#### [SOURCE MATERIAL]
# # # #

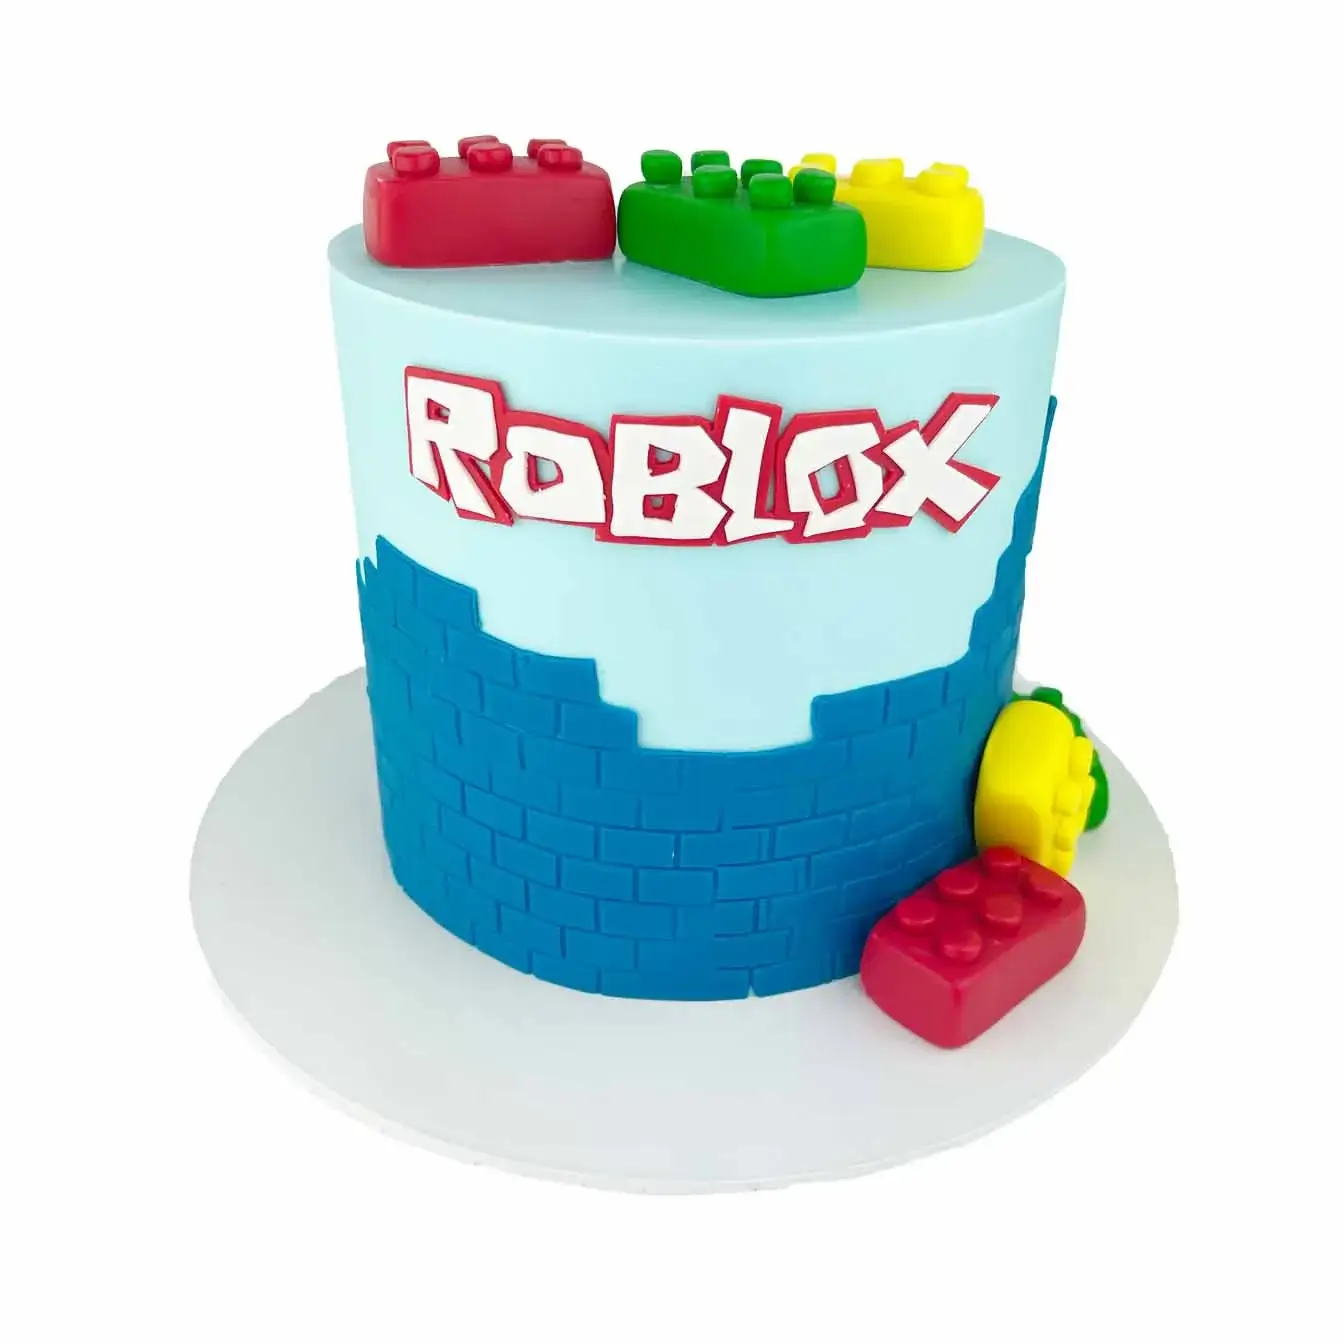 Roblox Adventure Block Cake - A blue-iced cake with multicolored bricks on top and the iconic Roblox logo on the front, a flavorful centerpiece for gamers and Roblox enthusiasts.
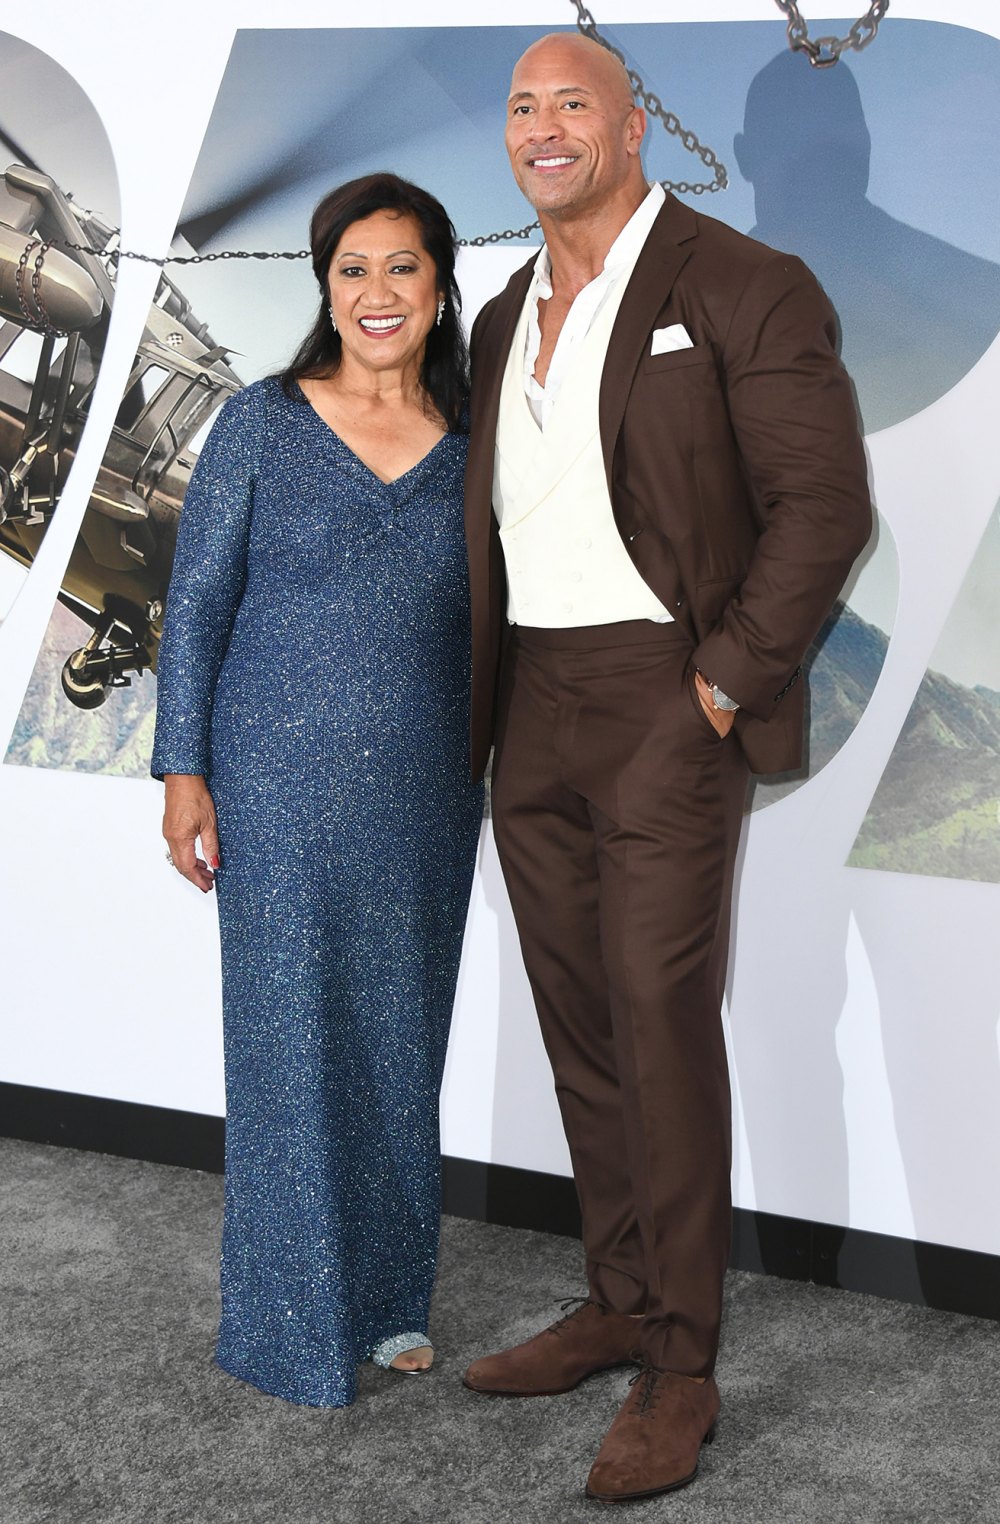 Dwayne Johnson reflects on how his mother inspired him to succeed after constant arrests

# # # #

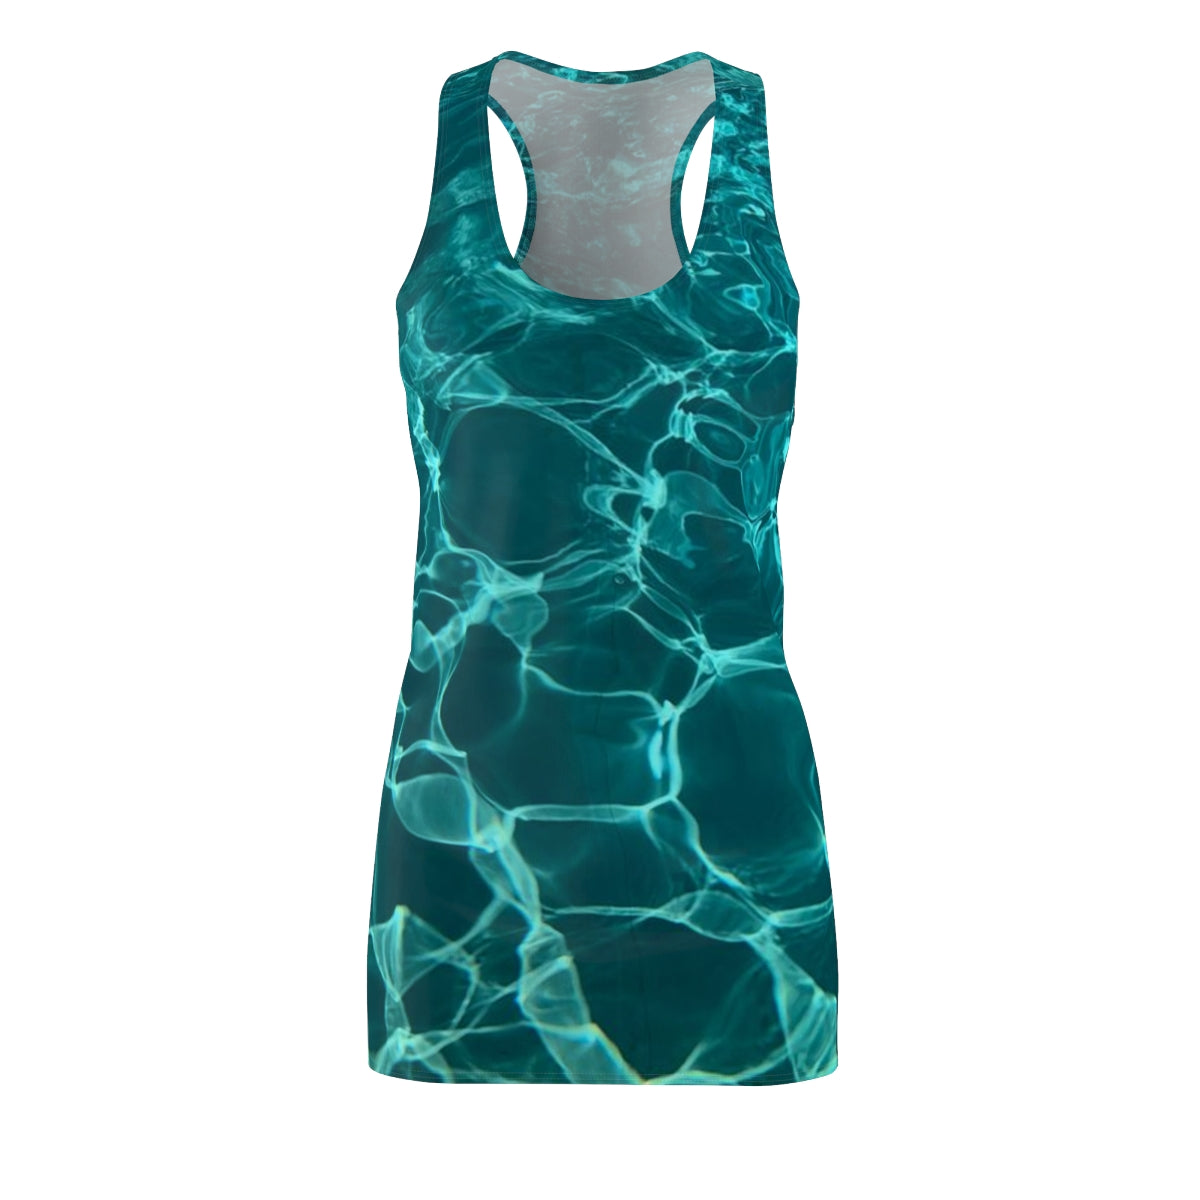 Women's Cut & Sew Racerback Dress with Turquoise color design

# # # #

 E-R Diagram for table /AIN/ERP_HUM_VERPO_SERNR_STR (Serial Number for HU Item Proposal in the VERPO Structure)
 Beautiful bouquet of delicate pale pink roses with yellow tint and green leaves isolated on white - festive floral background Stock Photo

# # # #

#### [INSTRUCTIONS TO FOLLOW]
Would you copy, unchanged, the stretch of the records above that begins at the line containing "E-R Diagram for" and ends at the line containing "Beautiful bouquet of", and only that?

#### [RESULT OF THE EXERCISE]
 E-R Diagram for table /AIN/ERP_HUM_VERPO_SERNR_STR (Serial Number for HU Item Proposal in the VERPO Structure)
 Beautiful bouquet of delicate pale pink roses with yellow tint and green leaves isolated on white - festive floral background Stock Photo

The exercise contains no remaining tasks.